On February 23, 2016, Guided Therapeutics, Inc. (the “Company”) implemented a 1:100 reverse stock split of all of the Company’s issued and outstanding common stock (the “Reverse Stock Split”). The Reverse Stock Split will be effective when trading opens on Wednesday, February 24, 2016.

The Company’s stockholders granted authority to the Board of Directors, in its discretion, to effect the Reverse Stock Split at a special meeting of stockholders held on November 11, 2015.

As a result of the Reverse Stock Split, every 100 shares of issued and outstanding common stock of the Company will be converted into 1 share of common stock. All fractional shares created by the Reverse Stock Split will be rounded to the nearest whole share. The number of the Company’s authorized shares of common stock will not change.
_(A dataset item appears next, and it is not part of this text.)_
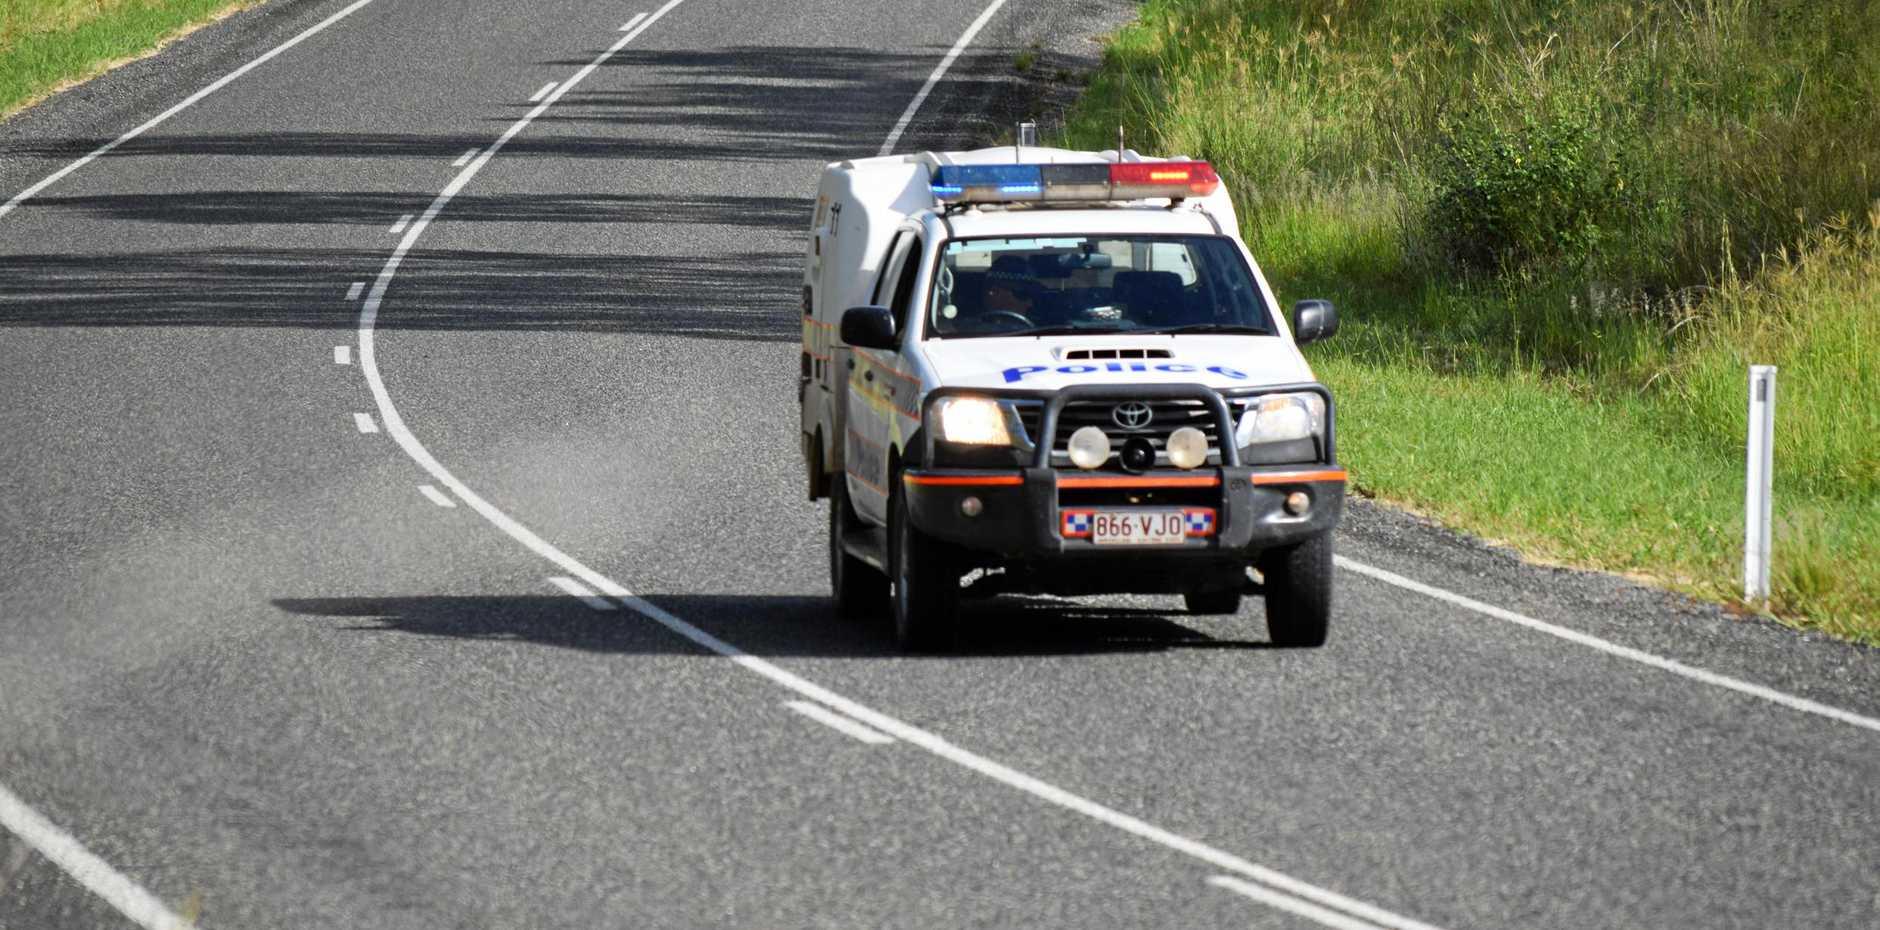 A police car speeds down the road.  Photo Tobi Loftus / Central & North Burnett Times

A new CUSIP number has been issued for the Company’s common stock (40171F204) to distinguish stock certificates issued after the effective date of the Reverse Stock Split. The pre-split CUSIP number was 40171F105.

The common stock will begin trading on a split-adjusted basis on the OTC under the ticker symbol “GTHPD”. The “D” is appended at the end of the ticker symbol to signify the Reverse Stock Split for 20 trading days, at which time the symbol will revert back to “GTHP.”

The Company issued a press release, a copy of which is attached as exhibit 99.1, announcing the Reverse Stock Split.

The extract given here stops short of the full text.